Kniga Nr1449

Общий смысл этой критики есть следующий: человек несет в себе, в скрытом состоянии, сложный мир задатков, ростков еще не обнаруженных, – и обнаружение их составит его будущую историю столь же непреодолимо, как уже теперь действительно присутствие этих задатков в нем. Поэтому предопределение нашим разумом истории и венца ее всегда останется только набором слов, не имеющим никакого реального значения.

Между этими задатками, насколько они обнаружились уже в совершившейся истории, есть столько непостижимо странного иррационального, что нельзя найти никакой разумной формулы для удовлетворения человеческой природы. Счастье не составит ли принципа для построения этой формулы: а разве человек не стремится иногда к страданию, разве есть наслаждения, за которые Гамлет отдал бы муки своего сознания? Порядок и планомерность не составят ли общих черт всякого окончательного устроения человеческих отношений: а между тем, разве мы не любим иногда хаос, разрушение, беспорядок еще жаднее, чем правильность и созидание? Разве можно найти человека, который делал бы в течение всей своей жизни только хорошее и должное, и разве не испытывает он, долго ограничивая себя этим, странного утомления, и не переходит, хоть на короткое время, к поэзии безотчетных поступков? Наконец, не исчезнет ли для человека всякое счастье, когда для него исчезнет ощущение новизны, все неожиданное, все прихотливо изменчивое, согласуя с чем теперь свой жизненный путь, он испытывает много огорчений, но и столько радостей? Однообразие для всех не противоречит ли коренному началу человеческой природы – индивидуальности, а недвижность будущего и «идеала» – его свободной воле, жажде выбрать то или иное посвоему, иногда вопреки внешнему, хотя бы и разумному, определению? А без свободы и без личности будет ли счастлив человек? Без всего этого, при вековом отсутствии новизны, не проснутся ли с неудержимой силой в человеке такие инстинкты, которые разобьют алмазность всякой формулы: и человек захочет страдания, разрушения, крови, всего, но не того же, к чему на вечность обрекла его формула; подобно тому как слишком долго заключенный в светлой и теплой комнате изрежет руки о стекла и выйдет неодетый на холод, лишь бы только не оставаться еще среди прежнего? Разве не это ощущение душевного утомления кидало Сенеку в интриги и преступления? И разве не заставляло оно Клеопатру втыкать золотые булавки в груди черных невольниц, жадно смотря им в лицо, на эти дрожащие и улыбающиеся губы, в эти испуганные глаза? Наконец, неподвижное обладание достигнутым идеалом удовлетворит ли человека, для которого желать, стремиться, достигать – составляет непреодолимую потребность? И разве рассудочность исчерпывает, вообще, человеческую природу: а, очевидно, она одна может быть придана окончательной формуле самым ее творцом, разумом?

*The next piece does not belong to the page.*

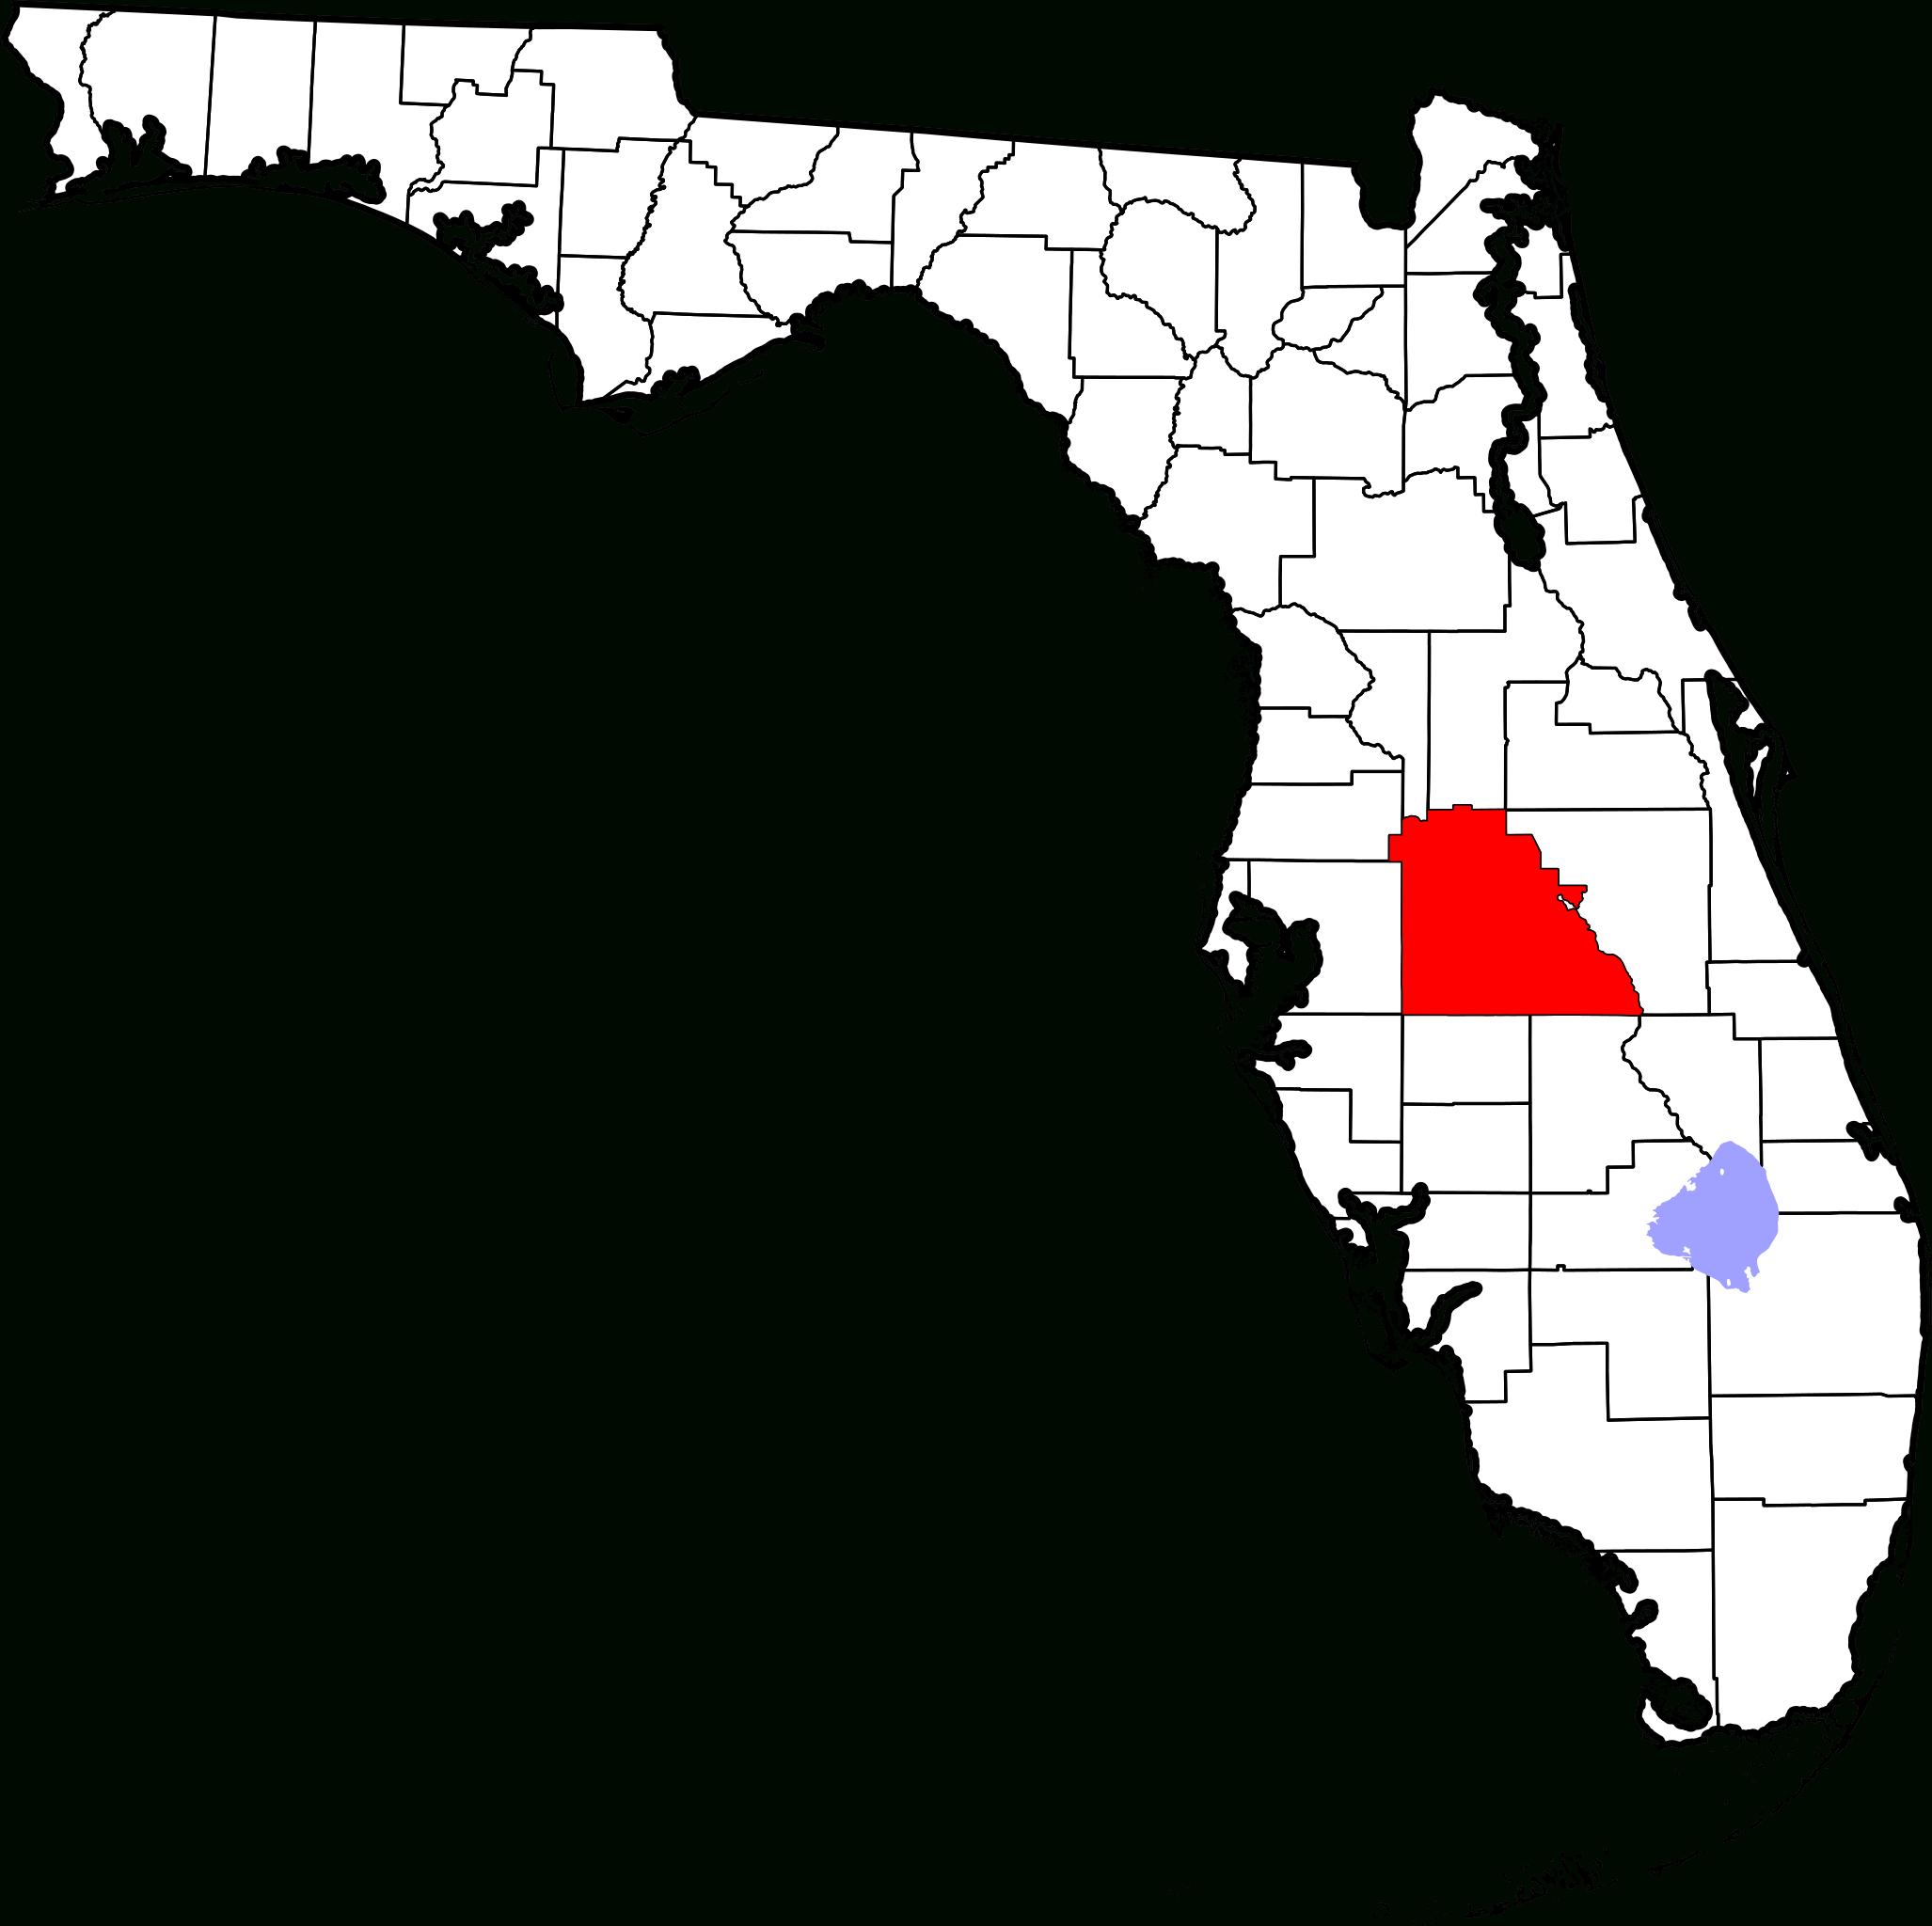 Fichier:map Of Florida Highlighting Polk County.svg — Wikipédia - Frostproof Florida Map
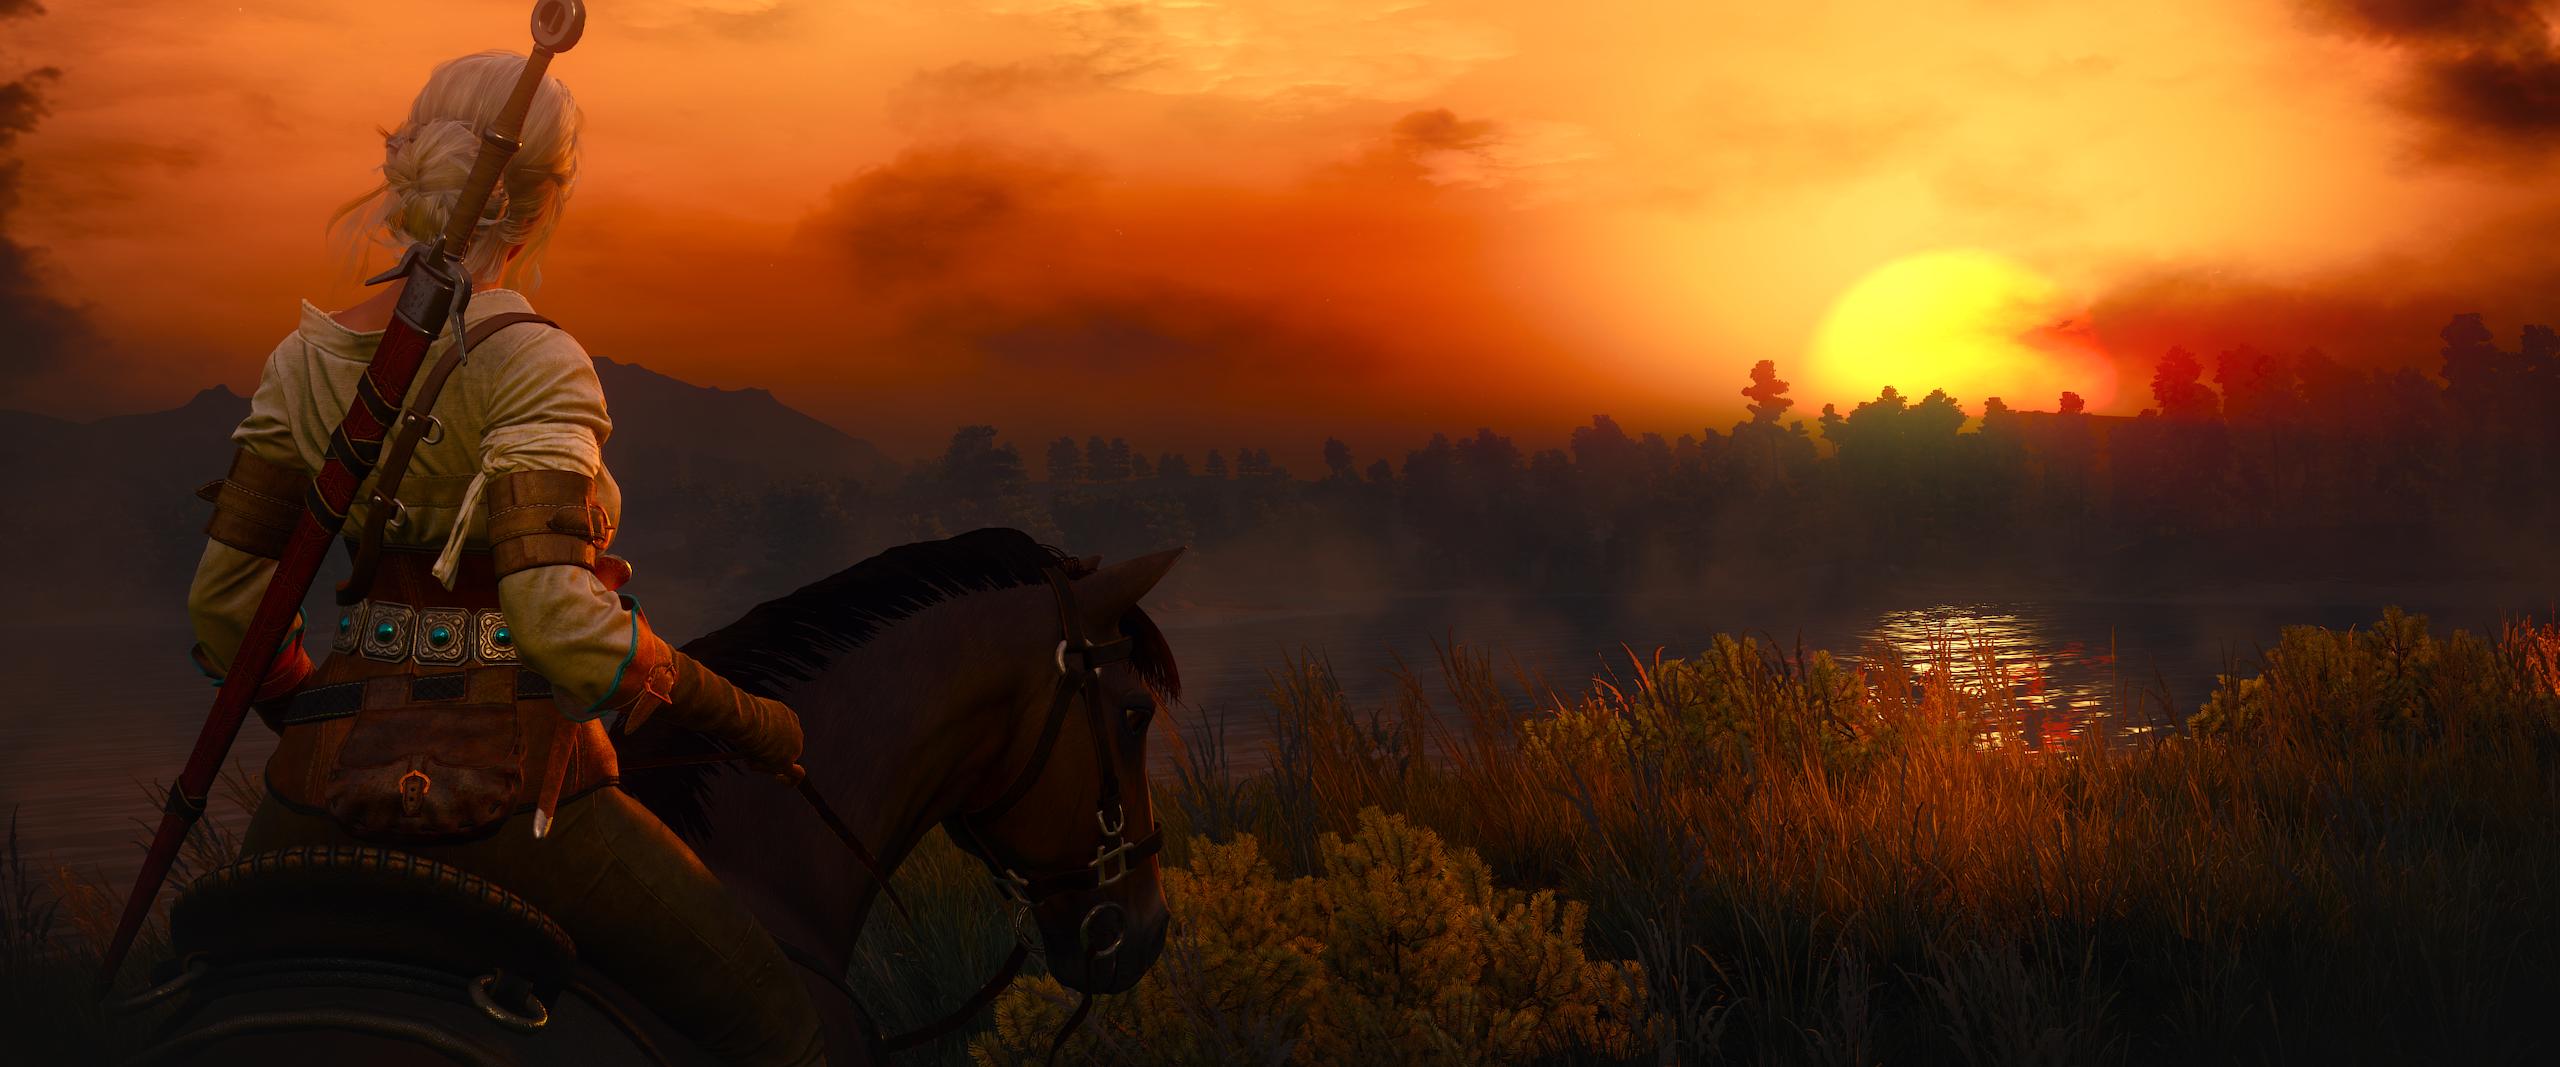 attheendoftheday.png - Witcher 3: Wild Hunt, the

Человек в цельности своей природы есть существо иррациональное; поэтому как полное его объяснение недоступно для разума, так недостижимо для него – его удовлетворение. Как бы ни была упорна работа мысли, она никогда не покроет всей действительности, будет отвечать мнимому человеку, а не действительному. В человеке скрыт акт творчества, и онто именно привнес в него жизнь, наградил его страданиями и радостями, ни понять, ни переделать которых не дано разуму.

Иное, чем рациональное, – есть мистическое. И недоступное для прикосновения и мощи науки – может быть еще достигнуто религиею. Отсюда развитие в Достоевском мистического и сосредоточение интереса его на религиозном, что все мы наблюдаем во втором и главном периоде его деятельности, который открылся «Преступлением и наказанием».

V

Признают Достоевского глубочайшим аналитиком человеческой души. Таким он сделался вследствие того, что в ней увидел сосредоточение всех загадок, над которыми думает человек, и разрешение всех трудностей, преодолеть которые в истории до сих пор не дано было ему.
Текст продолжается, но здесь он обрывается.